According to the Momentum Conservation Principle, because its initial momentum (ps) is directed rightwards, after the collision, the ball’s momentum should change leftwards in the opposite direction. This change in momentum is represented by pr.
So when the ball hits the ground, horizontally, there are two different momentums fighting for dominance--pr and p [2]. To ensure the ball bounces to the left as Hakugei would, pr has to win this battle. Since pr is derived from ps, which in turn is derived from the ball’s angular momentum (L), the key to making Hakugei bounce back is to ensure that the ball’s angular momentum (L) is great enough to overpower its linear momentum (p).
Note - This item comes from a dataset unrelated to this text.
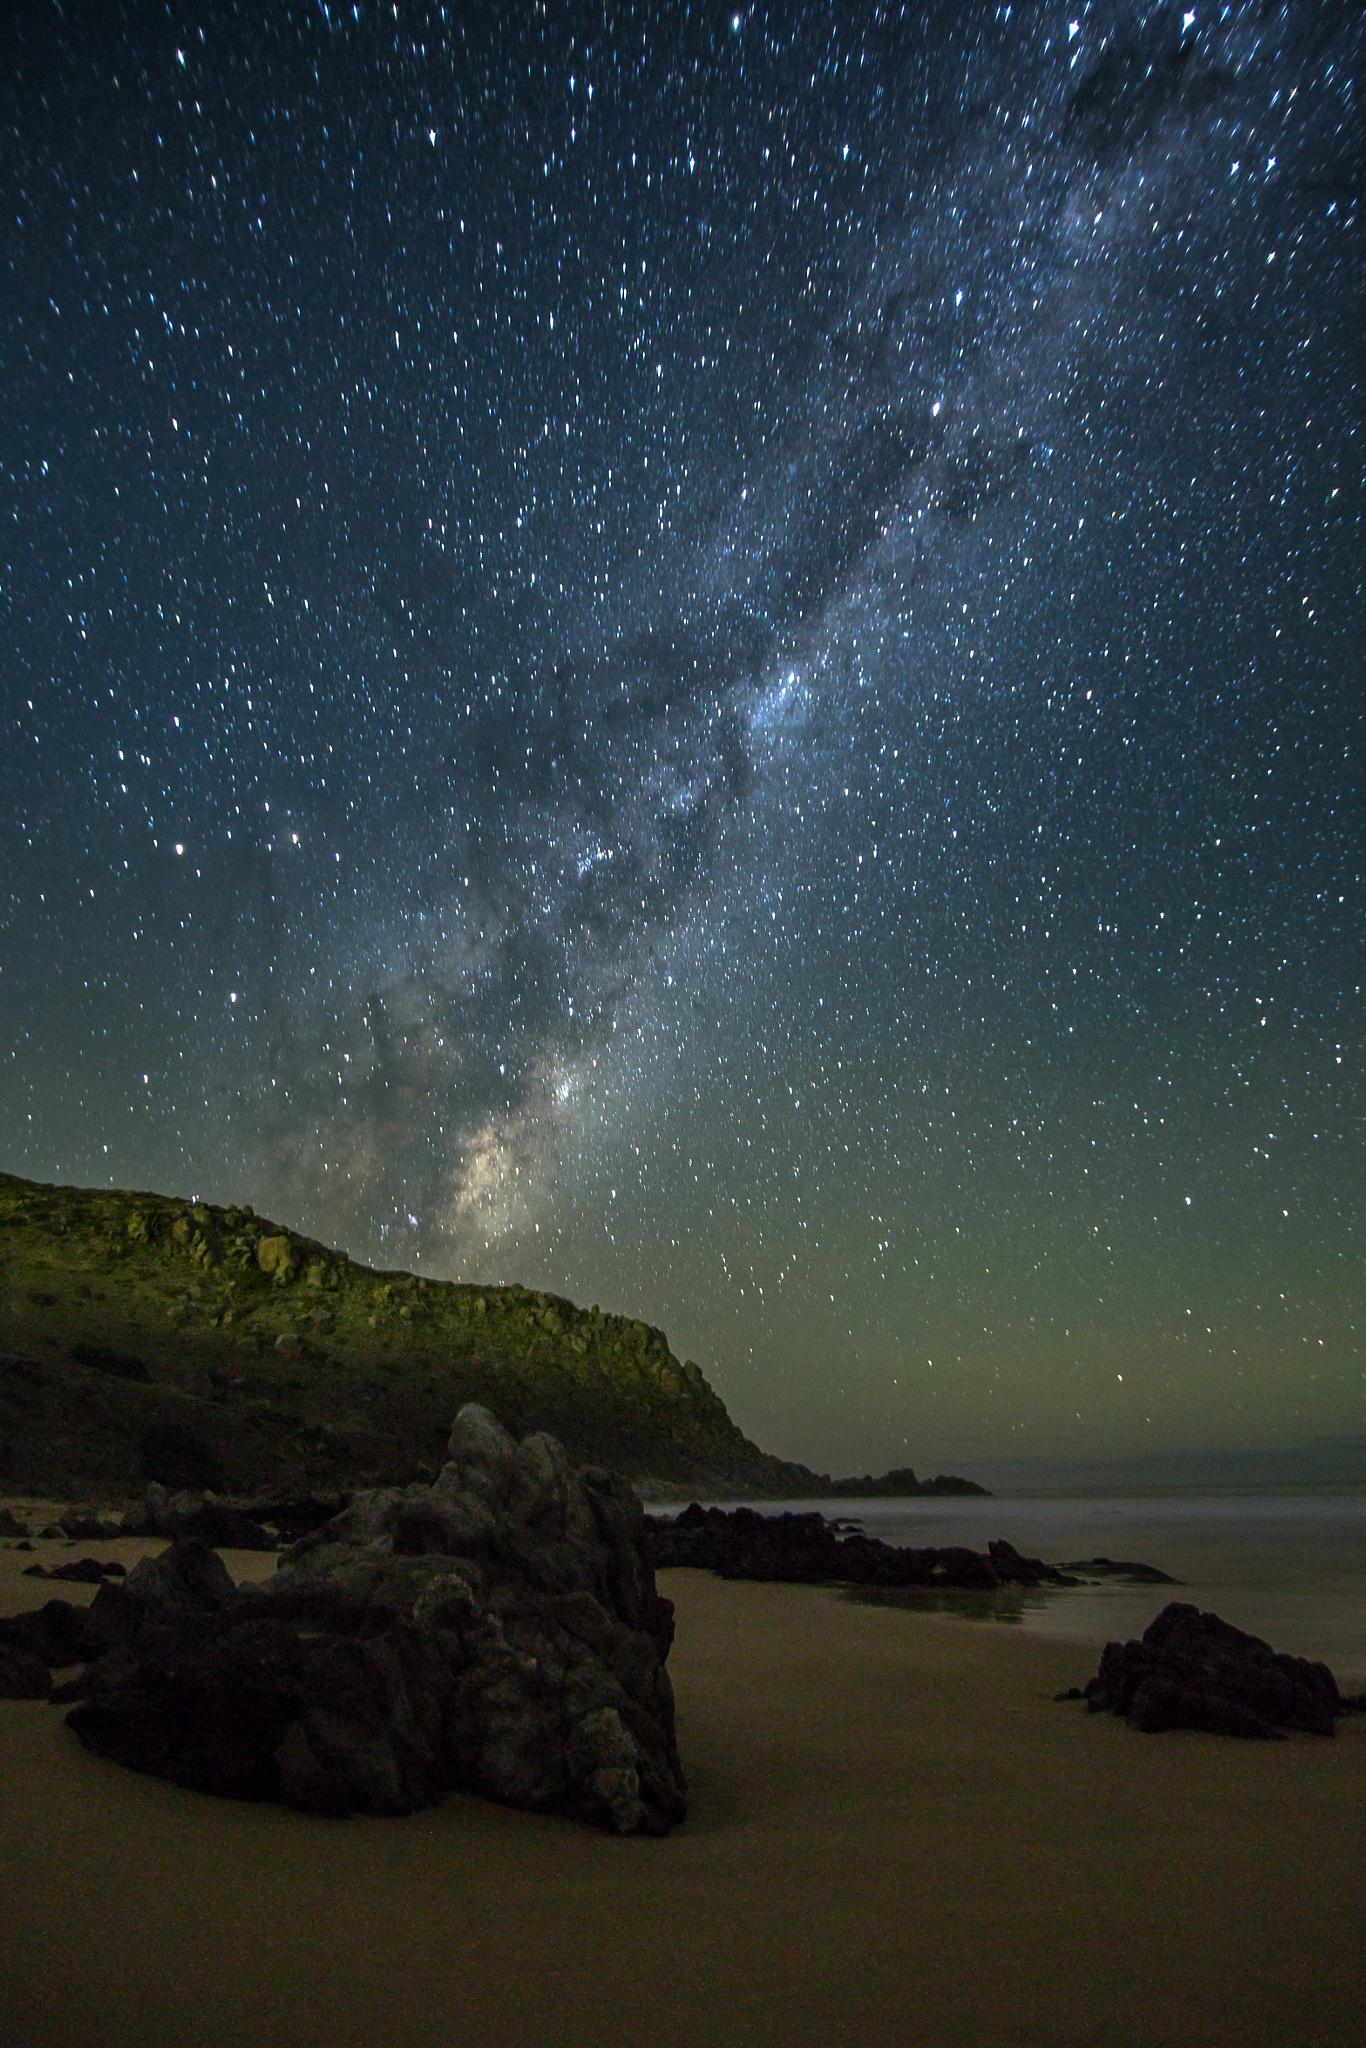 Rocks and Milkyway by Nicole Rix

In other words, the ball has to spin quickly enough to overpower its own linear momentum (p).
Should pr be able to overpower p, the next direction of the tennis ball can be summed up by the following:
As you see, the ball will bounce back in the direction of B. No physics-defying magic necessary.
And now, let’s ask the real question: how great is the spin you need for the ball to bounce back? Well, not so great that you can’t achieve it by hand [3]. In fact, this was my favorite trick to do while running laps; the ball bounces back to me, so it’s easier to control, and I can maintain a slower pace without having to chase after recalcitrant balls. Of course, this only works on even grounds that can provide enough friction for the ball, such as tennis courts (if you’re using tennis balls) or basketball courts (if you’re using basketballs). On uneven grounds, the bounce is much less predictable, so beware where you try this trick!
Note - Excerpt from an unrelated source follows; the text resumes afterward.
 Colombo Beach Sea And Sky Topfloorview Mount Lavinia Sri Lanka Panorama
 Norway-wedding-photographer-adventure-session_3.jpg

5. The ball is caught by Fuji
To complete Hakugei, the ball must bounce back to the opposite side of the court and is caught by Fuji. Now considering that the ball has lost a lot of horizontal momentum when it hit the ground (in the battle between pr and p), it’s hard to believe that Hakugei could have enough force to return to Fuji all by itself. Therefore, Fuji cannot rely on the tennis ball itself to come back to him. Instead, he has to rely on another force: the wind.
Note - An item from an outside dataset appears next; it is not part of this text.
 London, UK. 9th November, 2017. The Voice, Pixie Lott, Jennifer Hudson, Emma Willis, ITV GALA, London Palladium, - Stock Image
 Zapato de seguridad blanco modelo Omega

How strong does the wind need to be to carry Hakugei all the way back to Fuji? Well, I honestly have no idea. Tennis balls are unexpectedly heavy, so I think it must be pretty strong, but I can’t say if it could reliably happen in your average tennis match. So, even though Hakugei should be physically possible, the wind factor makes it hard to use in an actual match.
In conclusion, ladies and gentlemen, this is why Hakugei is not only totally badass but also obeys the law of physics. If you read all the way here, thank you; you’re brilliant, and I hope my explanations didn’t give you too much trouble. I have no idea why I was insane enough to write this. However, I hope now you appreciate Fuji’s Hakugei as much as I do. After all, it takes a certain kind of person to be a Badass Normal in a world of Ten’imuhou no Kiwamis, Devil Modes, and Pirates of the World--and Fuji Shuusuke may just be the right genius to pull it off.
————————
[1] The reality is more complex than that, of course, involving air pressure inside the ball and such, but it’s not quite necessary to discuss that to understand Hakugei.
[2] There are a lot of other things going on here, especially with friction, which helps turns the ball’s point of contact with the court into a ‘pivot’ for pr’s momentum. There are also things going on with the air pressure inside the ball, which affects the length of time the ball stays in contact with the court and may further help pr overpower p.
[3] Theoretically, hitting a Hakugei with a racket should require a greater spin than throwing a backspin ball by hand. This is because the ball needs to travel further from the racket, against a strong headwind, not to mention other things that will reduce its spin such as air resistance.
[4] Hakuryuu probably works with similar principles, but with an angled backspin/topspin, depending on the situation. If I had to guess, I’d say Twist Serve works the same way, too. However, I still reserve judgement on whether Hakuryuu is physically possible.